很奇怪,他明明滴酒未沾,可是到最后,他居然也开始晕晕乎乎,头脑不清。迷糊中他感觉似乎有人趴在他身边,想要跟他说话,他很想看清是谁,可是又睁不开眼。
在梦中,他觉得特别累,特别想睡觉。所以当梦中的人试图跟他说话时,他就哼唧了几声,翻了个身,不想搭理。
这一觉睡到日上三竿,景离才突然清醒了过来。一睁眼,就把自己吓了一跳,因为他盯着天花板看了许久,都不知道自己在哪。
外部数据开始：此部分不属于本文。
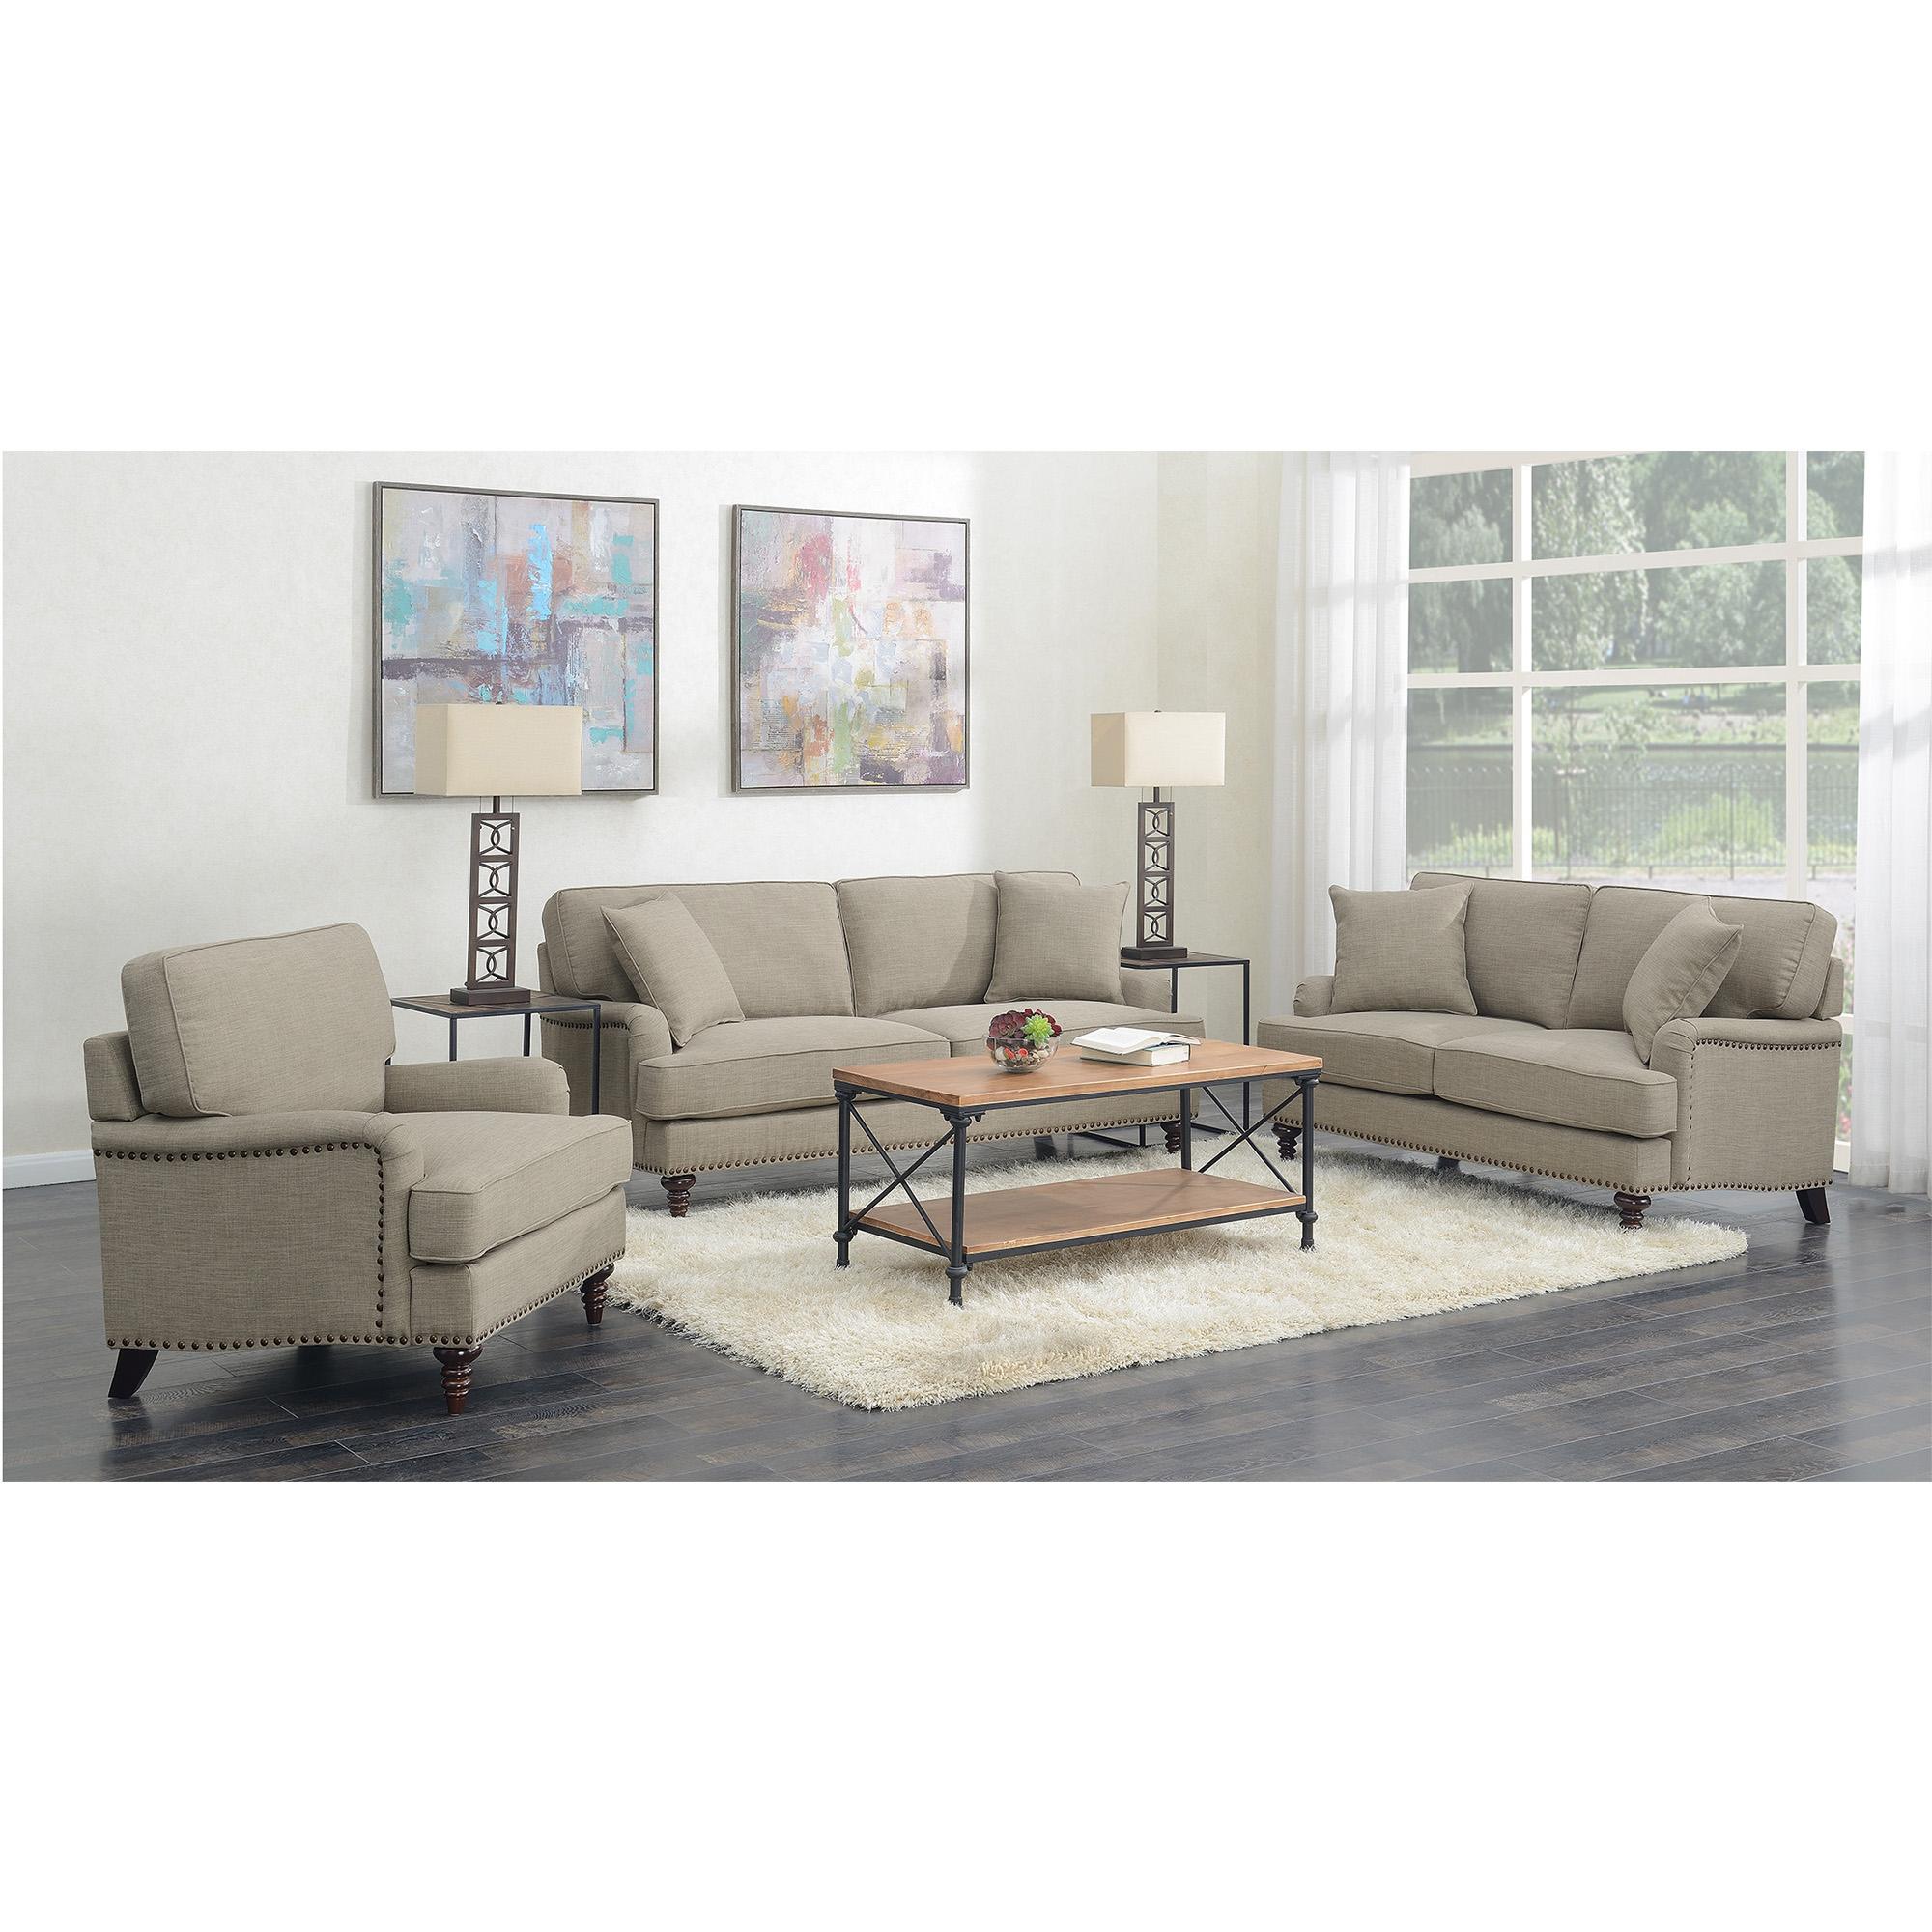 Picket House Living Room Set Sofa Loveseat Chair Smoke
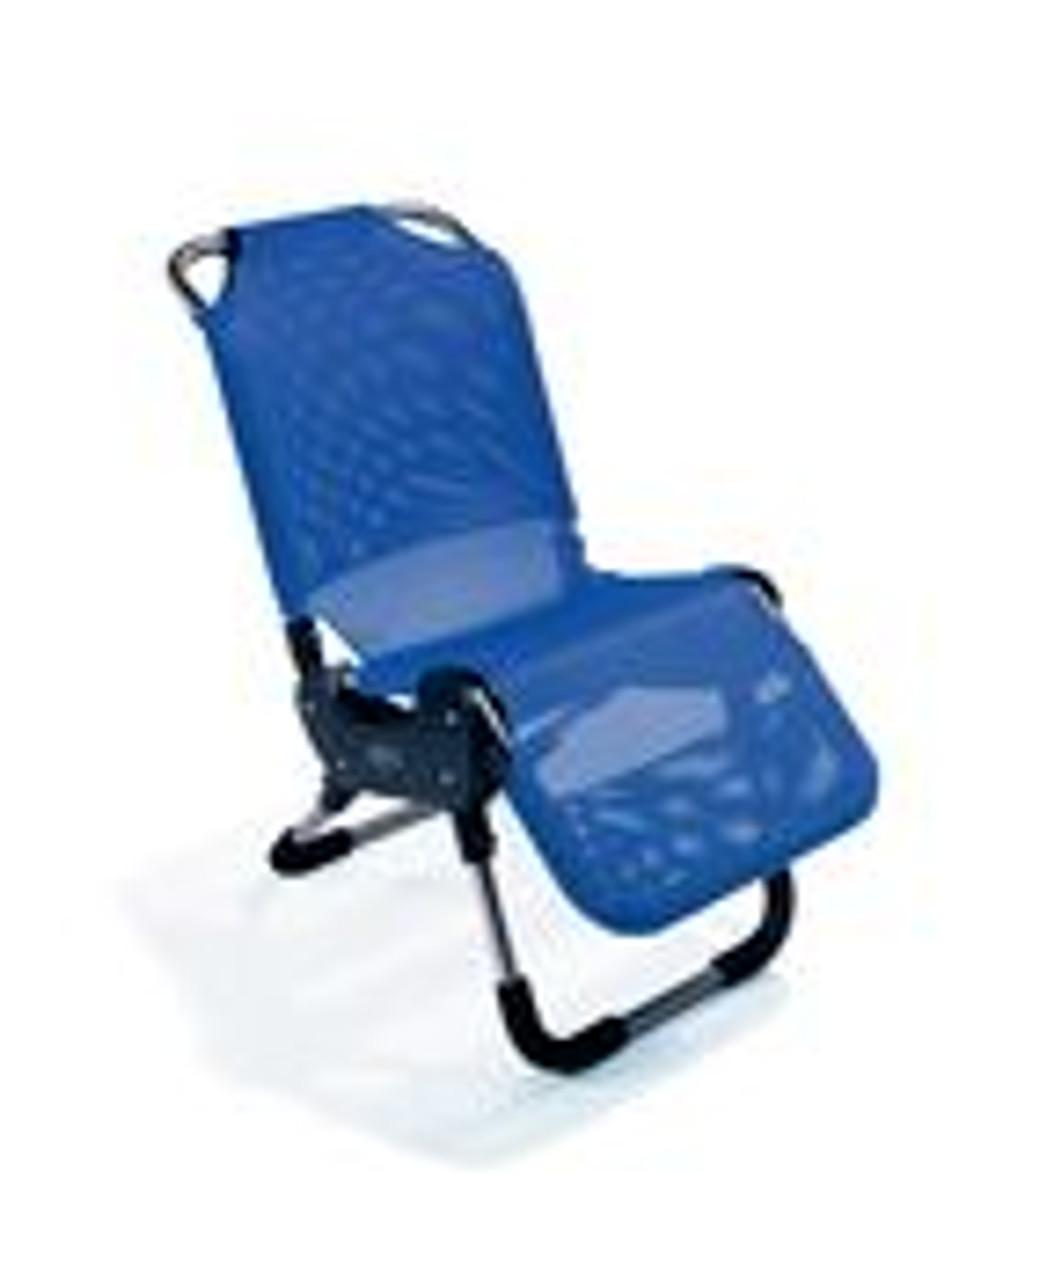 Fabulous 92687602 Patterson Medical Tumble Forms Starfish Bath Chair Size 1 Ocean Blue Creativecarmelina Interior Chair Design Creativecarmelinacom

他足足想了半分钟,才发现自己好像是躺在孔嘉洛别墅的床上!
这个想法把他吓得瞬间就爬了起来。
他明明记得自己躺在大厅的沙发上的!什么时候跑到人家卧室的床上来的?
自己明明没有喝酒,为什么比喝了酒的时候还要神志不清?是因为这床太软太舒服了吗?这也太可怕了。这要是半夜被人抬出去扔在河里,自己都不知道啊!
而且,他还裸着上身,难怪睡得那么舒服。
他支着头想了半天,然后慢慢地穿上衣服,两脚刚沾地站起来,身后的门突然就开了。
“醒了?”
景离望着孔嘉洛,一时间有点发懵。
孔嘉洛穿着一身白色的家居服,慢慢地走到景离身前。虽然此刻的他是一副休闲打扮,但头发梳的整整齐齐,胡子刮的干干净净,眼睛里亮晶晶的,整个人就好像突然来了精气神一样。反观自己,反而是一副醉眼稀松的模样。
“几点了?我的手机呢?”
“在充电。”孔嘉洛微微侧着头,打量着他,那眼神就好像小孩子在欣赏一件精美的玩偶一样,“九点四十了。”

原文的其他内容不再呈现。